What is MyOpenMath?
MyOpenMath runs on the open source, IMathAS platform, providing free hosted use of this platform in support of free, open textbooks like the ones listed on OpenTextBookStore.com. The intent is to provide classroom use of the platform, without any required cost to students, for schools wanting a managed install of the IMathAS platform, and to provide students self-study opportunities.
Community-based support is available through open support forums and training videos. MyOpenMath does not provide direct support for instructors or students.
If you are in need of more comprehensive support services, then you should consider using Lumen Learning's OHM platform. Lumen's services include curated course bundles with regular updates, faculty training and support, LMS integration support, large scale adoption and administration support, service level agreements a nd backups, and long-term access to course data. The support fee typically costs less than 10% of what students currently pay for commercial products (yes, we mean 90% less).
How/Why is it Free? Our Story
It is always concerning when you visit a website that offers a free service. What's the catch? Are you going to be advertised to? Get forced to pay for service in a year? To address those concerns, here is a bit of info about MyOpenMath's history and business model.
MyOpenMath was born out of free, open source software developed by David Lippman, a community college math professor in Washington State, starting in 2005. With a little grant support and a lot of his free time, David ran a state-wide installation of that software at wamap.org. Faculty from around the state got involved, and collaboratively contributed much of the question content now found on MyOpenMath. Out of the Open Course Library project in Washington, several complete courses based on open textbooks were created. Other folks got involved, including James Sousa from Phoenix College who contributed a huge collection of questions tied to his video examples.
In 2011 David started MyOpenMath as a way to share with the world this software system and all the great content that had been built around open textbooks. He self-funded the site for the first year, then joined forces with Lumen Learning, which had been using MyOpenMath with the Kaleidoscope Project. In 2017, Lumen split off their own version of MyOpenMath, called Lumen OHM, to help differentiate their low-cost supported service from the free, community MyOpenMath site.
David and Lumen both feel very strongly that a free community version of MyOpenMath should always exist, without advertisements. They are also committed that all the content remain open as well, so it could be moved to a local install of the IMathAS software if desired or needed.
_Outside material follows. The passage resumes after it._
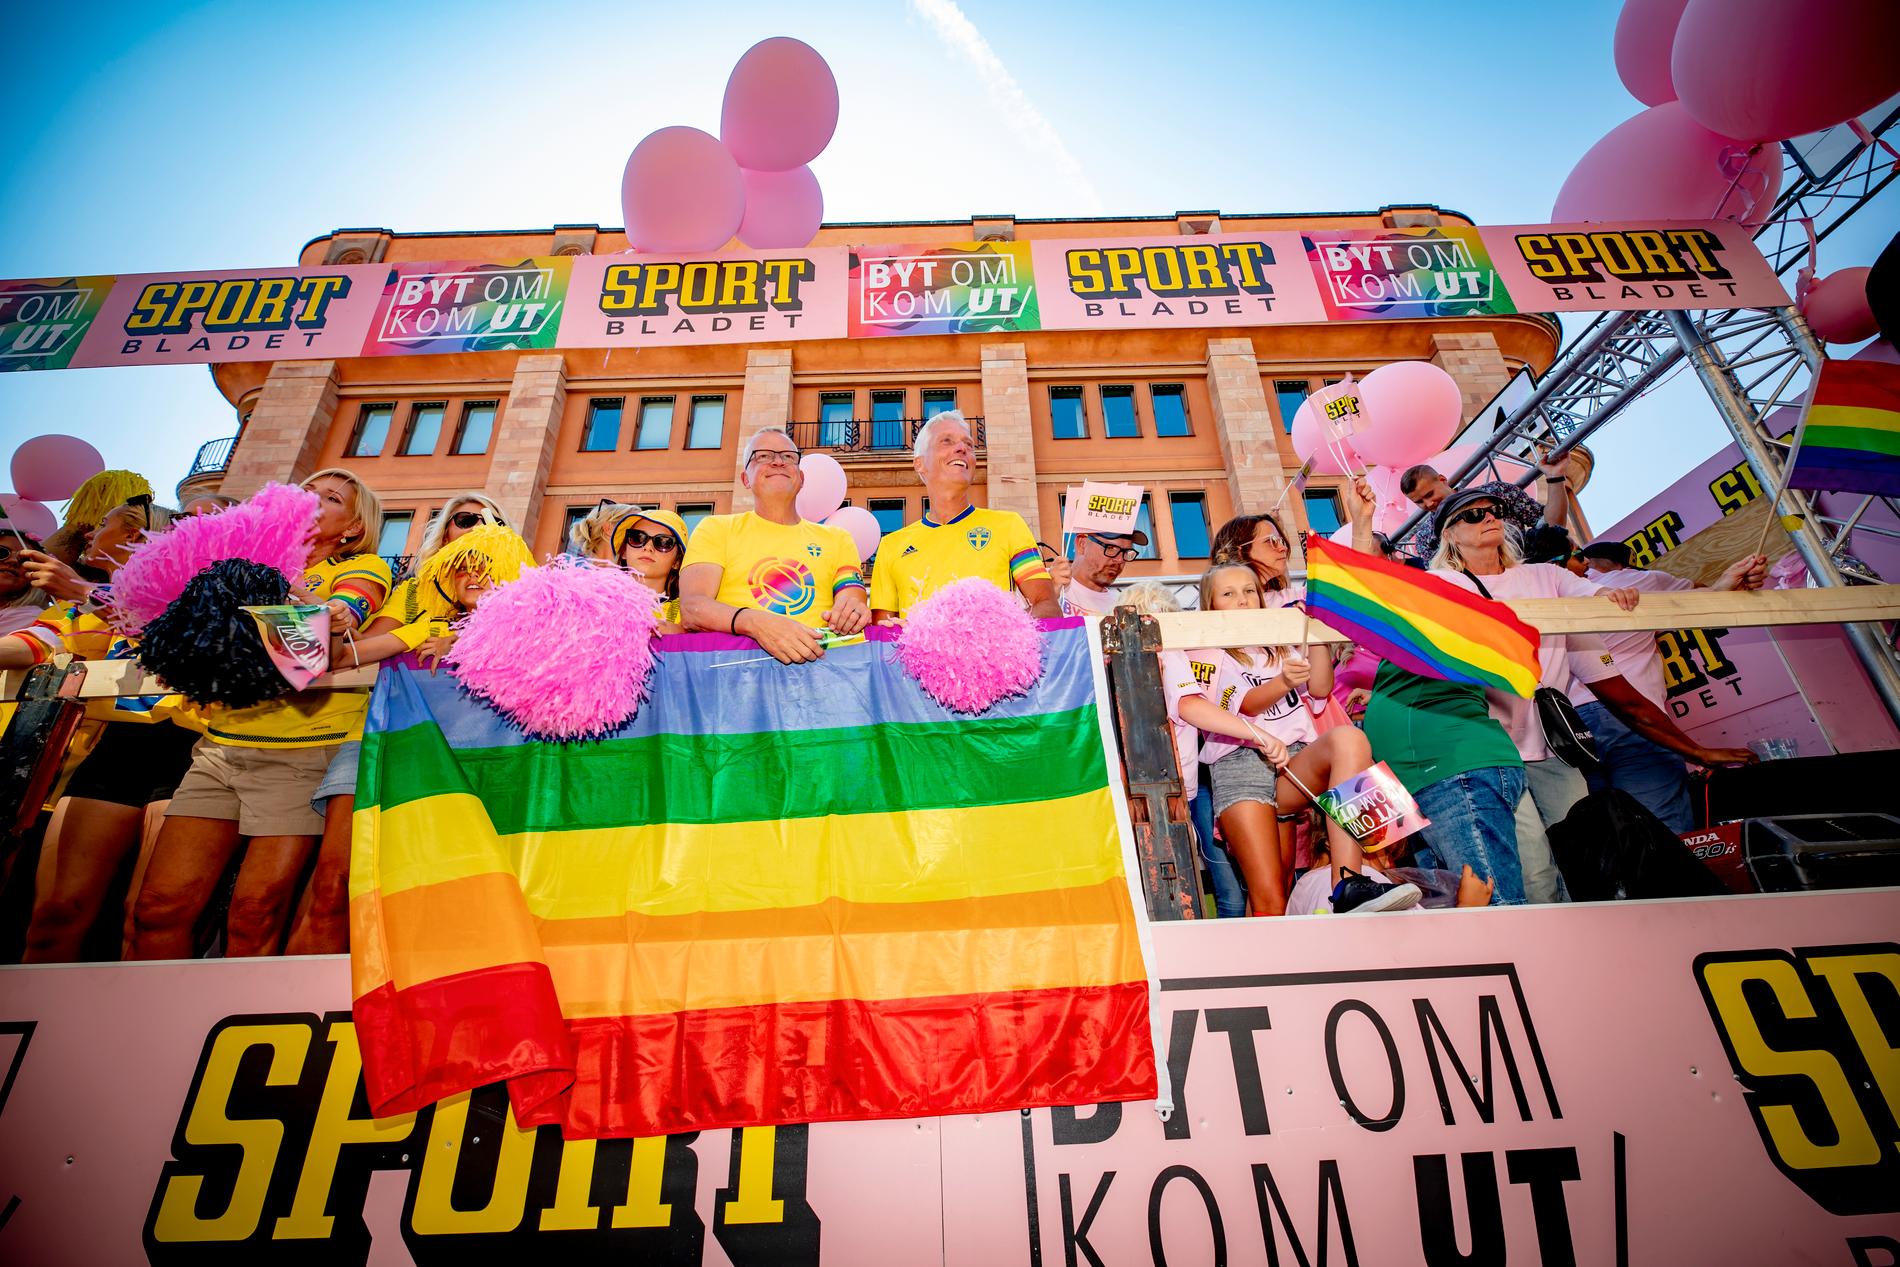 Sportbladets flak under Stockholm Pride.
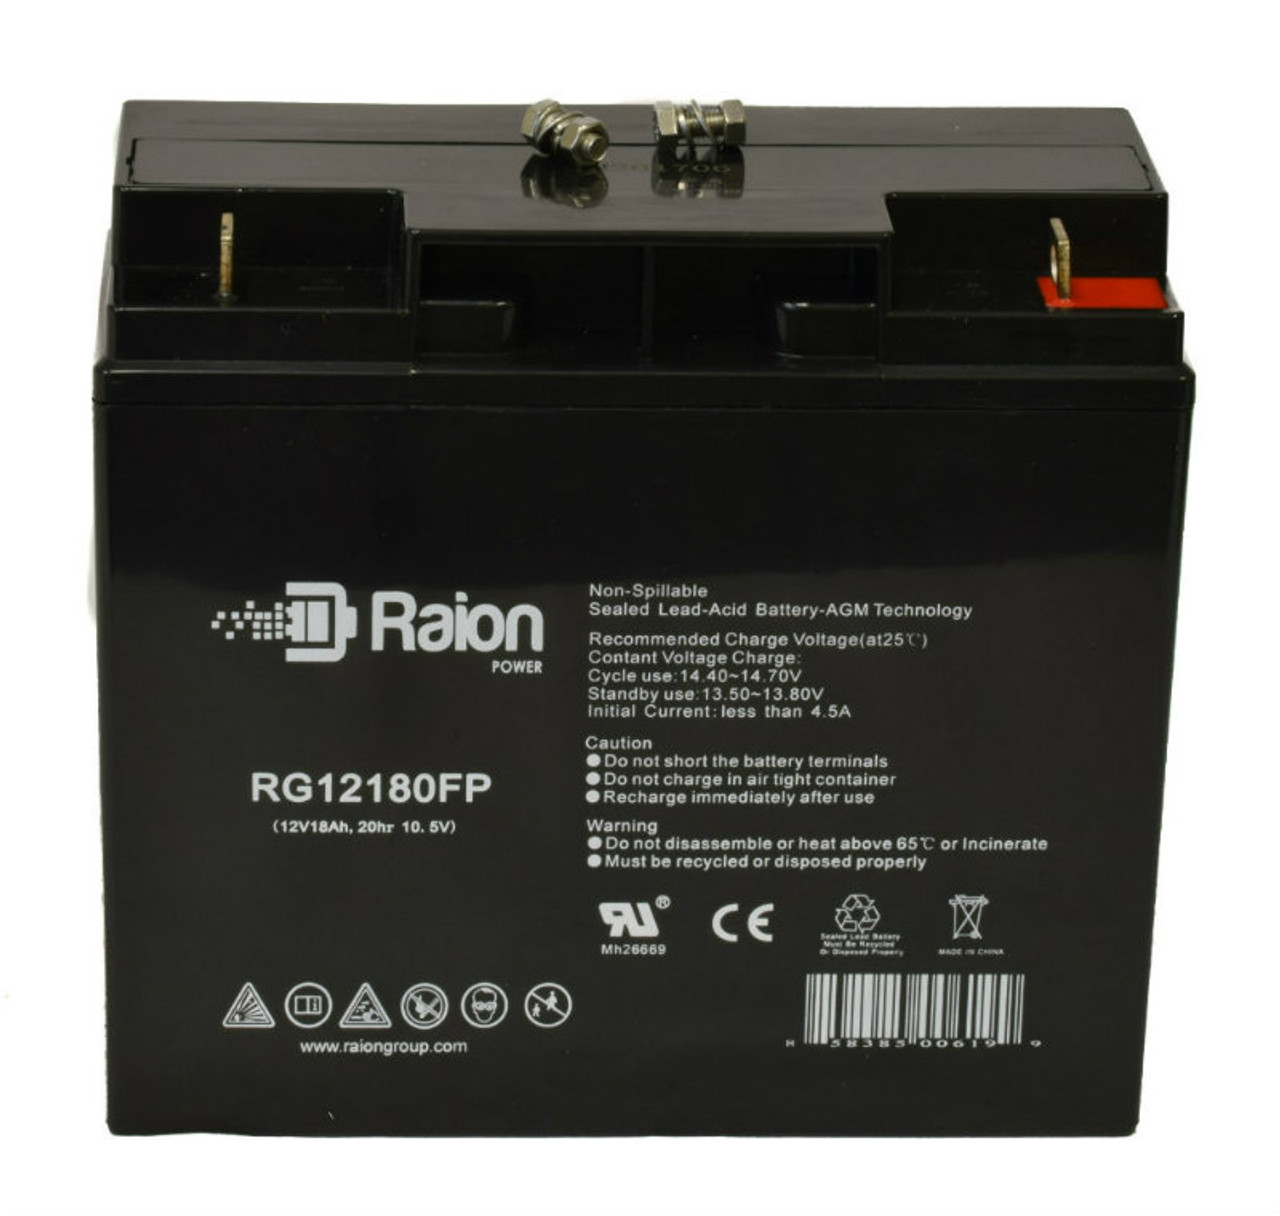 Raion Power RG12180FP 12V 18Ah Lead Acid Battery for Lightalarms 8700018 Retrofit

For now, Lumen is providing financial support for MyOpenMath. In the future, MyOpenMath will likely explore a "freemium" model, in which institutions will be able to pay an annual hosting fee in return for a basic service level agreement and data sharing contract, as well as access to additional administrative features. MyOpenMath will never provide instructor support services. David's intention is that students will never be directly charged on MyOpenMath, as ensuring student access to high quality materials is our number one priority.
While Lumen Learning now funds MyOpenMath, the development of IMathAS and the content has been supported by several grant projects as well as the time, effort, feedback, suggestions, and dedication of its users. Grants from the Washington State eLearning Council and the Transition Math Project helped develop the platform and create a large set of content.
Courses developed for the Washington State Open Course Library project are a basis for many of the open courses found on MyOpenMath. Others were contributed by faculty, including James Sousa from Phoenix Community College. Many of these courses were improved by contributions and feedback from faculty involved in the Kaleidoscope Project.